Our answer is yes. This is about informed choice. Here are the consequences of being in one delivery system versus another. You can decide if that is important to you or not, but here is the answer. But in terms of tracking those events, it is considerably more challenging, because we know there will never be claims data available to track that information. But we have gotten a commitment to basically use a combination of administration data and medical records review to try to begin getting a handle on what is really going on. We are going to try to coordinate with HCFA to learn what they have learned.

But this issue of, so you have decided to go to the record, which one, is one we are going to face as well.

DR. COHN: I want to make a comment or two, and then a question. First of all, Kathy, I want to thank you. You've got a wonderful panel. I am actually a guest of this work group, and I think we could spend the whole day going through these discussions. I'd like to question each of you after your presentations.

I hear a lot of frustration in the room. I think there will probably continue to be an ongoing frustration when there are such different ways of dealing with health care issues. There is the payment process. It seems to have nothing to do with the quality process, as best I can tell. I would also observe that until that somehow emerges a little better, I think there is going to be a lot more frustration in this room.

Now, moving to my question, I chair the subcommittee on standards and security. One of our main focuses recently has been the whole issue of different transactions. In many ways, HIPAA transactions are trying to deal in a standardized fashion, what you would describe as level one data. Jeff Blair, who is also on the committee, chairs the work group of computer based patient records, and that is a little bit of a misnomer, because it is really talking about issues around standardization of level two and level three data.

Now, I walked into this room thinking we would be talking a lot about level two and maybe some about level three data and the issues going on there. I would now ask you all, is the issue level one data, beginning to do that reasonably well? There are so many holes in that, that that needs to be the major focus for the next couple of years? Or are there things that we can do in level two and level three that can be of some help in the time between now and the time I retire, the next three, four, five years, based on your observations?

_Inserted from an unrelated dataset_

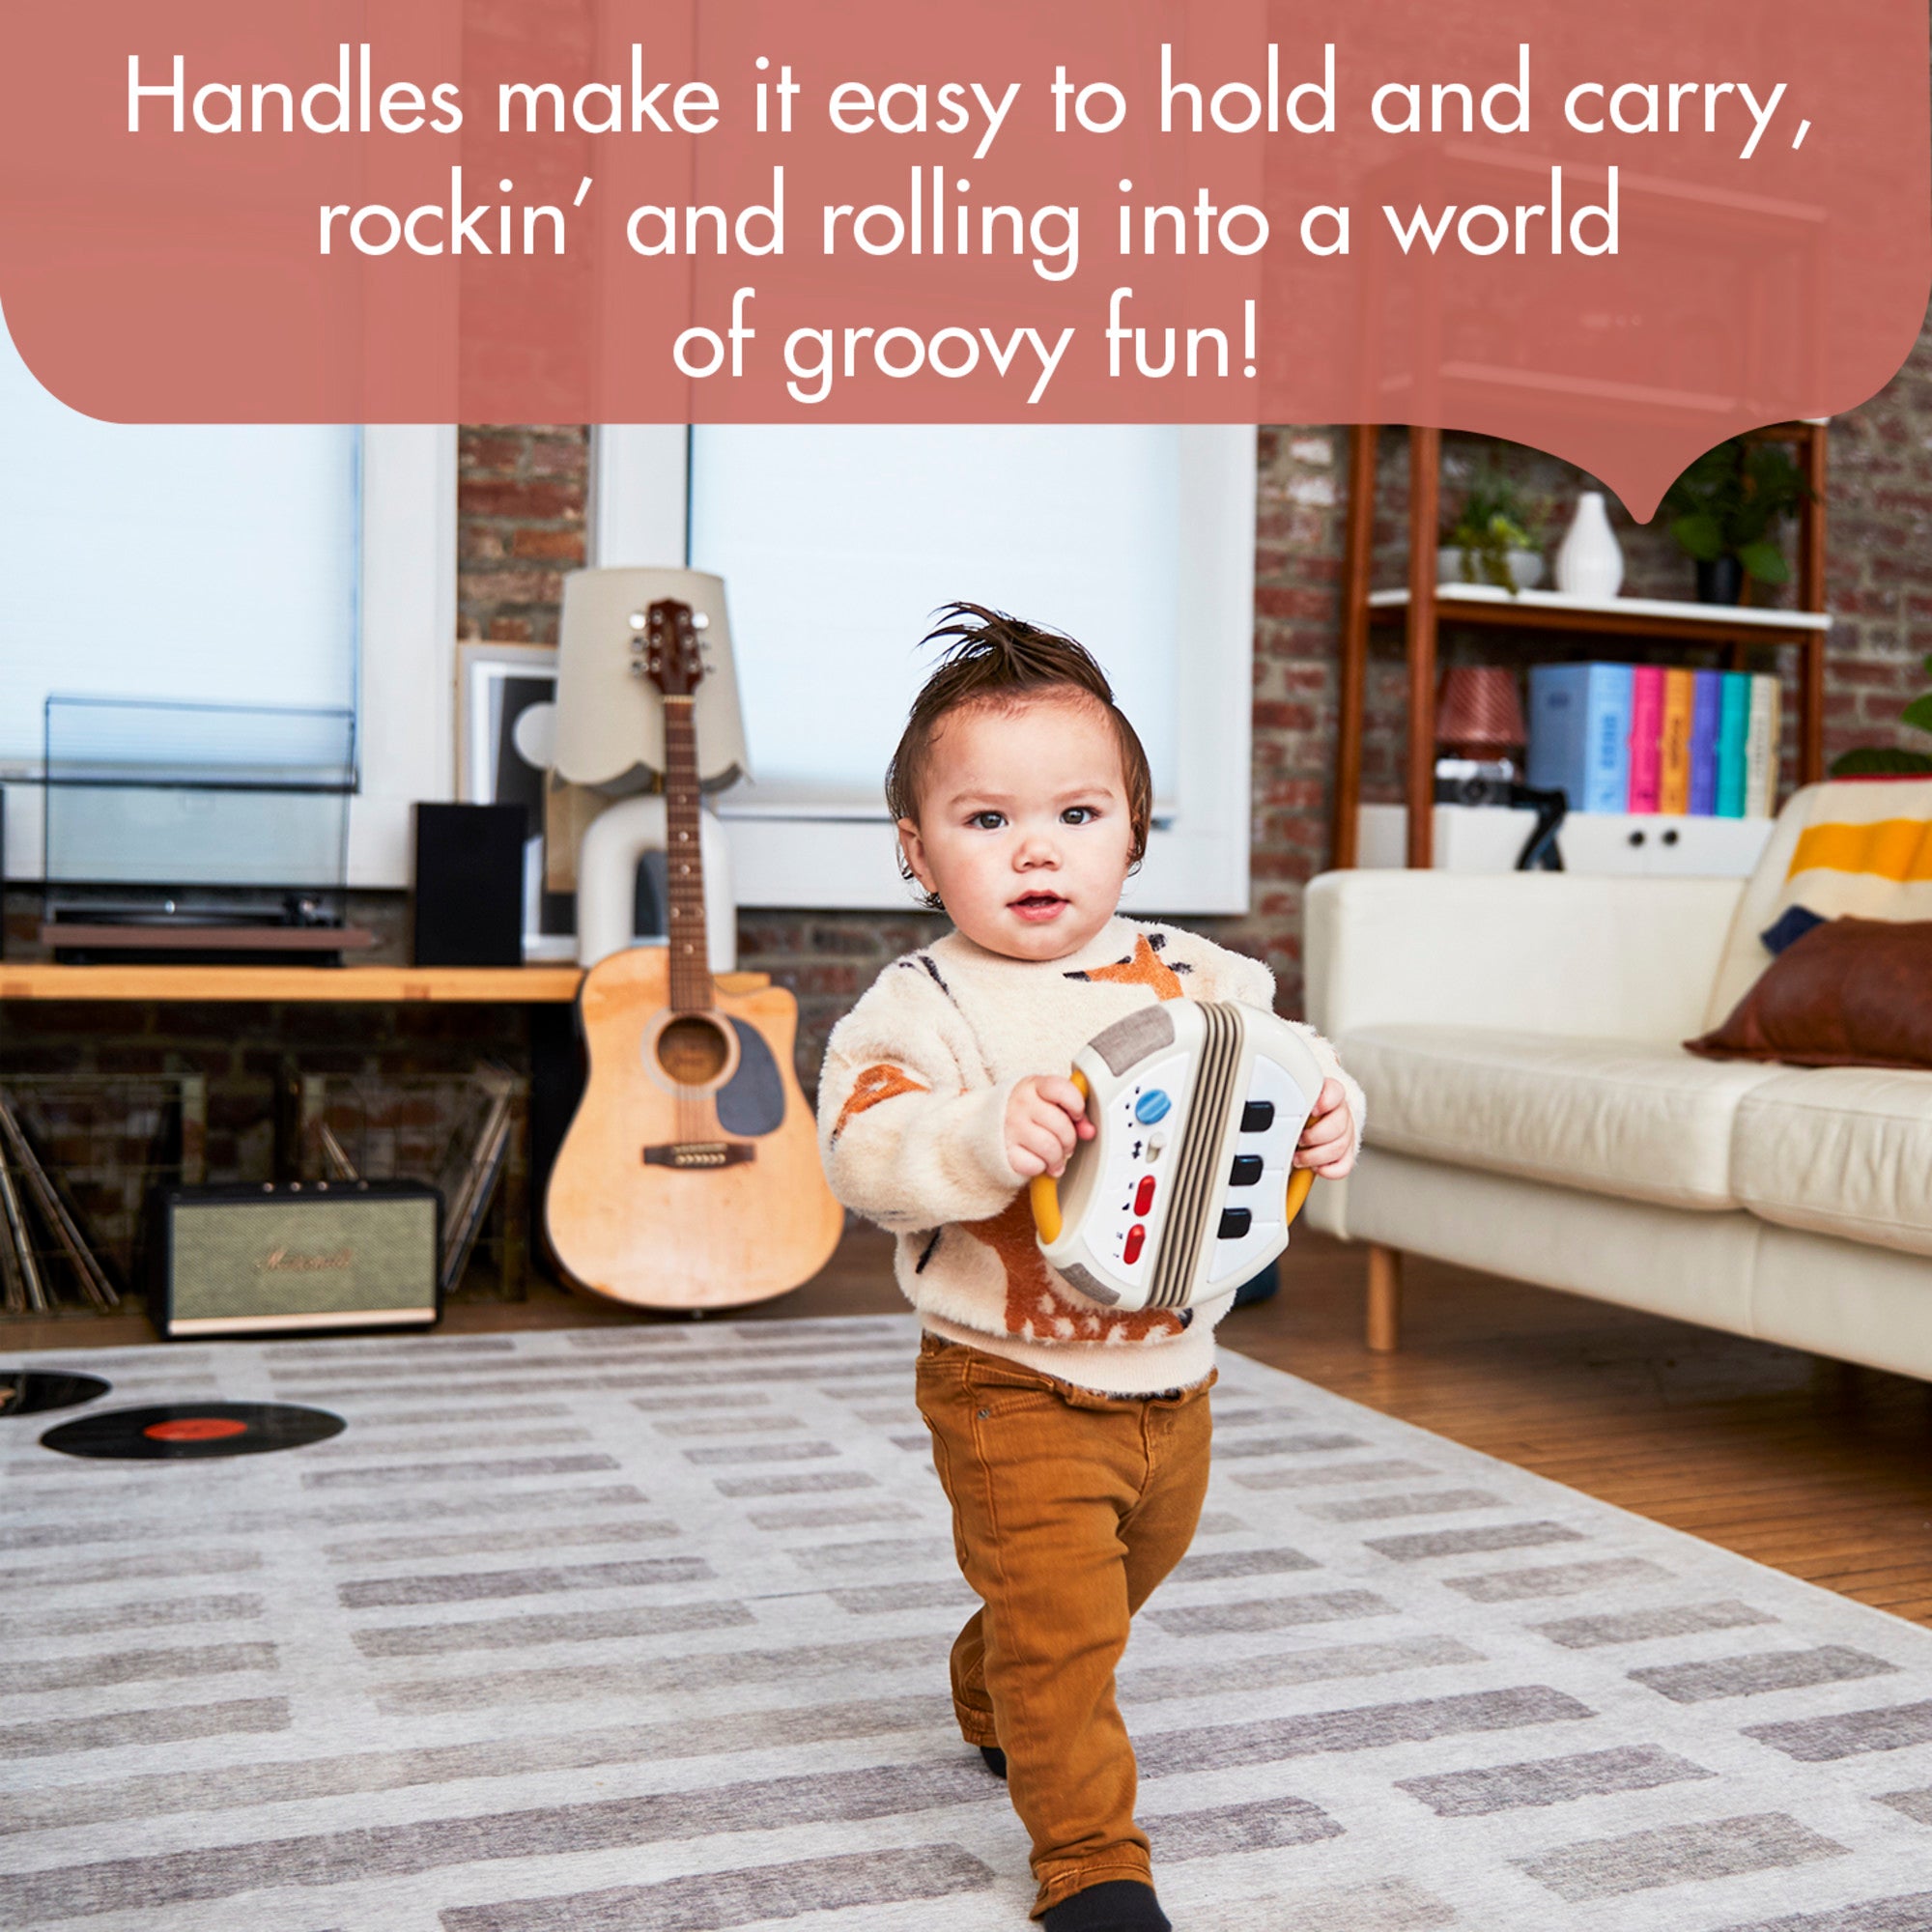 Tiny Rockers Accordion - Encourages children and parents to discover sounds and melodies together
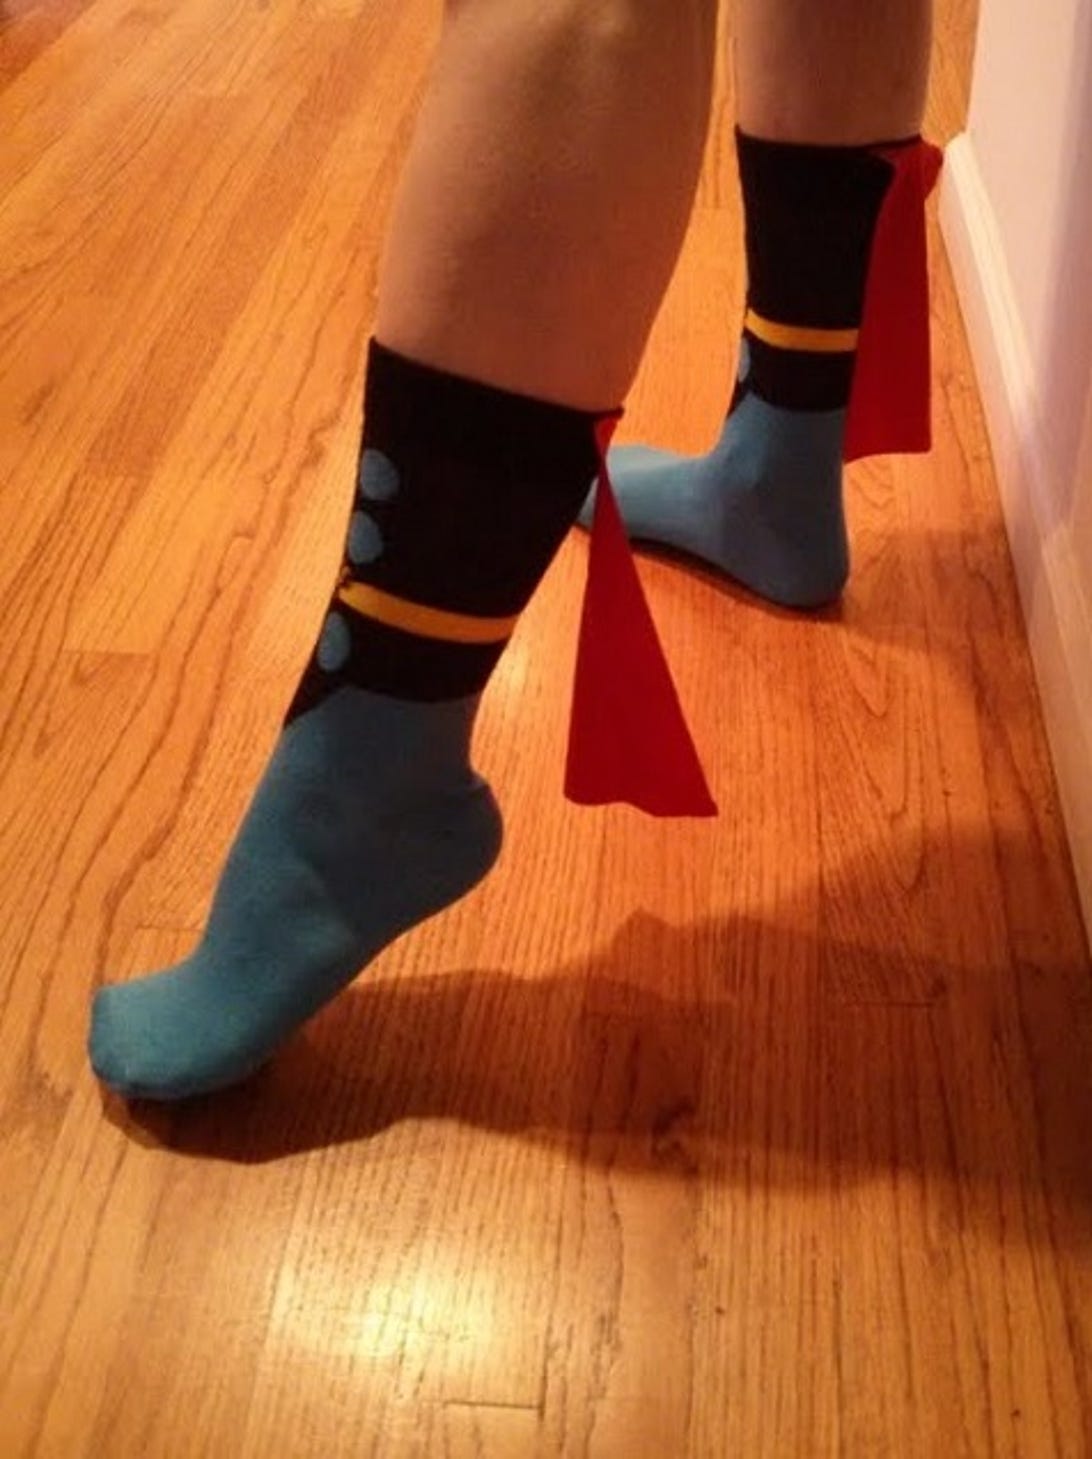 Thor socks...with capes!

DR. COCITAS: I think it is highly variable. If you look at Kathy Coltin in Group Health and a couple of other places, you are probably looking very differently than at the kind of health plan that I had experience with. That was a response to your question.

But I also have another comment on accountability. From the PMCC perspective, we are really interested in that. It takes me back to the early day of HEDIS, because we talked a lot with the purchasing community about who was the accountable entity. Was it the fact that a physician recommended it, or did they do it? We talked a lot about that, and I think those are the issues that you were suggesting you had talked about, Stephen. I think that when we start looking at delivery across all three settings and we begin to think about -- redraw this whole picture of clinical logic and responsibility, and then we start trying to say who is responsible for what and where are the handoffs, who should and who shouldn't, that issue of accountability is going to be an issue for us. But I hope it would be consistently thought about among all these groups.

DR. MC GLYNN: My answer to your question is that my point was that I didn't think we should focus on any one of these, that we ought to find strategies for moving forward in all three.

I guess my cautionary concern is, let's not assume we have the problem solved in that first group. I think there is a tendency to believe that they represent the truth somehow, because they are automated. It is a funny sort of notion that people have that I have run into for a long time, that if it is on a computer, it is somehow that much more meaningful or reliable or valid.

I think what is interesting is, if you take a look at the work HCFA did through the cardiovascular -- what happened there is, and this gets to the point about, you have to use the data, which is, they started down this path. They got through initially a lot of problems, but they went ahead and reported things, and lo and behold, you are holding people accountable based on data that they are filling out, and all of a sudden there is an incentive to get it right.

Same thing in New York State, with the reporting on mortality following bypass surgery in the state. A lot of data got better because it was being used. The typical response when you give providers feedback on quality information is, the data are wrong. Almost always the first time you measure them, things don't look so hot. They don't look nearly as good as how the providers think they are doing.

So you have to go through the explanations about, the results are probably right, but if you don't believe the data starts at home, you get it right. So I honestly think that the way you improve level one data is using it, and using it on the ground where it is happening. That is where you raise peoples' awareness about the multiple uses of data. So it is not just about, am I going to get my bill paid or am I going to get my capitation check. Somebody is going to count something about what I am doing around patients with heart disease or diabetes based on the way I fill out this bill, and that is going to make me pay attention to this at a whole new level.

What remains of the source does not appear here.